24апреля 1674 года в Фонтенбло Луиза де Лавальер, герцогиня де Вожур и бывшая фаворитка Людовика XIV, прощалась с французским двором. С королем, королевой, придворными, Атенаис де Монтеспан — нынешней любовницей Людовика, и с мадам Скаррон, вскоре ставшей известной всему миру под именем маркизы де Ментенон, с которой король вступит в морганатический тайный брак. Давно уже Луиза не испытывала такого чувства триумфа — давно уже не была так уверена в себе. Ни привычных насмешек и змеиного шипения придворных, ни ядовитых колкостей блистательной Атенаис, занявшей ее место в сердце и постели короля. В последние дни с ней обращались с необыкновенным почтением, она не ловила на себе холодные и равнодушные взгляды, а видела удивленное недоумение и невольное восхищение в глазах своих недругов и мучителей. Все это придавало бывшей фаворитке не только сил, но и гордости. Давно уже потерявшая свою нежную буколическую красоту, сегодня она выглядела почти столь же юной и очаровательной, как в 1661 году, когда король здесь же, в Фонтенбло, сделал ее своей любовницей.
Грациозно ступая, Луиза с высоко поднятой головой шла к супруге своего бывшего любовника. Весь двор замер в предвкушении спектакля. Подле королевы герцогиня де Лавальер, не опуская головы, встала на колени и, глядя Марии-Терезии прямо в глаза, громко сказала: «Я так грешна перед вами. И поскольку я грешила публично, то и раскаиваюсь в своих грехах и тех страданиях, которые вам причинила, тоже публично». Королева от неожиданности замерла, испуганно оглядываясь в надежде, что кто-нибудь поможет ей выйти из неловкого положения. Но потом она заплакала и неуклюже махнула рукой, приказывая Луизе подняться. Но та еще долго оставалась в этой унизительной позе.
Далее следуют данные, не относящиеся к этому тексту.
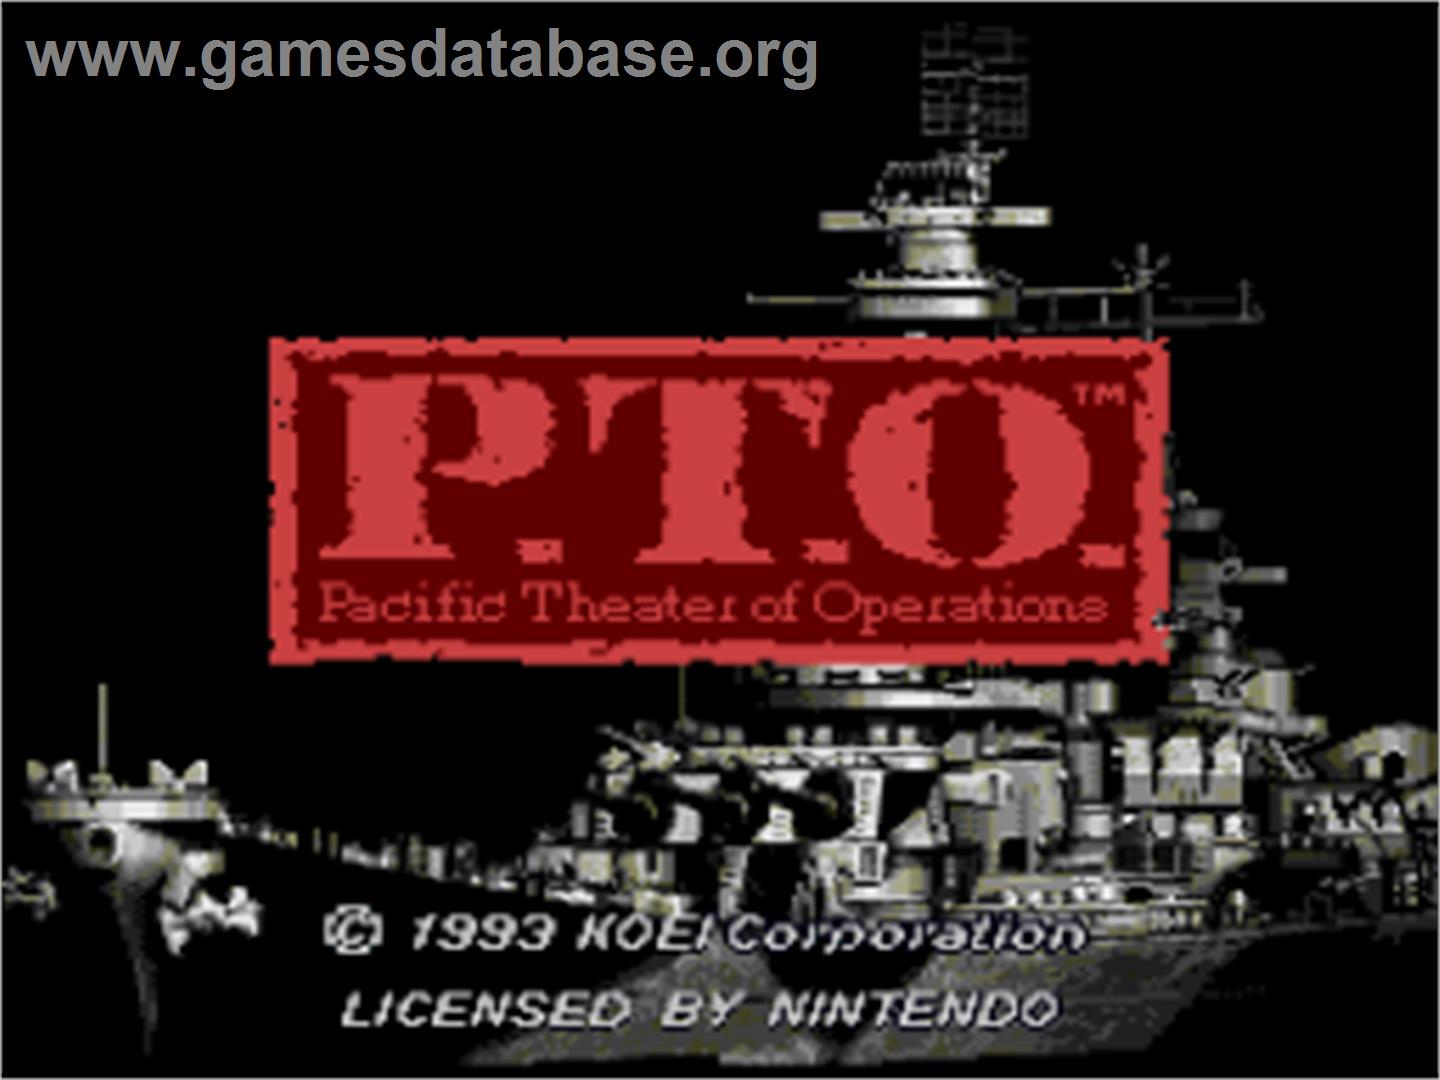 P.T.O.: Pacific Theater of Operations - Nintendo SNES - Artwork - Title Screen

Вечером Луиза нанесла несколько визитов придворным. Она вела себя, как принцесса, отбывающая к иностранному двору, и даже милостиво приняла приглашение Атенаис Монтеспан отужинать в последний раз в ее роскошных покоях, примыкающих к апартаментам короля. Зачем она согласилась? Ведь ей осталось пробыть здесь всего несколько часов, прежде чем навсегда исчезнуть за высокими и неприступными воротами монастыря кармелиток. Людовик, хотя она и видела в его глазах слезы, не станет провожать бывшую возлюбленную — слишком тягостно ему испытывать чувство вины. Не говоря уже о том, что он не скрывал и своего негодования. Как Луиза все-таки посмела добровольно покинуть его — даже ради самого Господа Бога? Нет, он не мог простить такое оскорбление ни одной женщине, даже той, кого больше не любил, кого предал и подвергал мучительным унижениям. За столом победительницы Монтеспан Луиза напоследок отведала не только самых изысканных блюд, но и насладилась страхом и даже печалью, которые явно терзали душу всегда остроумной и неукротимой Атенаис. Если уж кроткая де Лавальер считает себя великой грешницей и собирается остаток жизни провести в молитвах, спасая свою душу, то ее собственный двойной адюльтер, равно как и множество других, известных только ей самой грехов, разве не грозят страшной карой? Смотреть на Атенаис и представлять ее умерщвляющей свою пышную плоть было невозможно, но воображению Луизы в тот день порождало самые дикие фантазии. Тем более что она больше не боялась бывшей подруги. Как же упоительно испытать чувство освобождения от постоянного трепета! Свободы не только от унижений, но и от ужаса — бывшая соперница не будет больше покушаться на ее жизнь. Ей не придется вновь, как смертельно раненному животному, ждать последнего удара, корчась в кишечных спазмах, в то время как король развлекается с той, что виновна в ее мучениях? Наряду с пьянящим чувством победы, испытанным сегодня, все эти ощущения превратили ужин в поистине райское удовольствие.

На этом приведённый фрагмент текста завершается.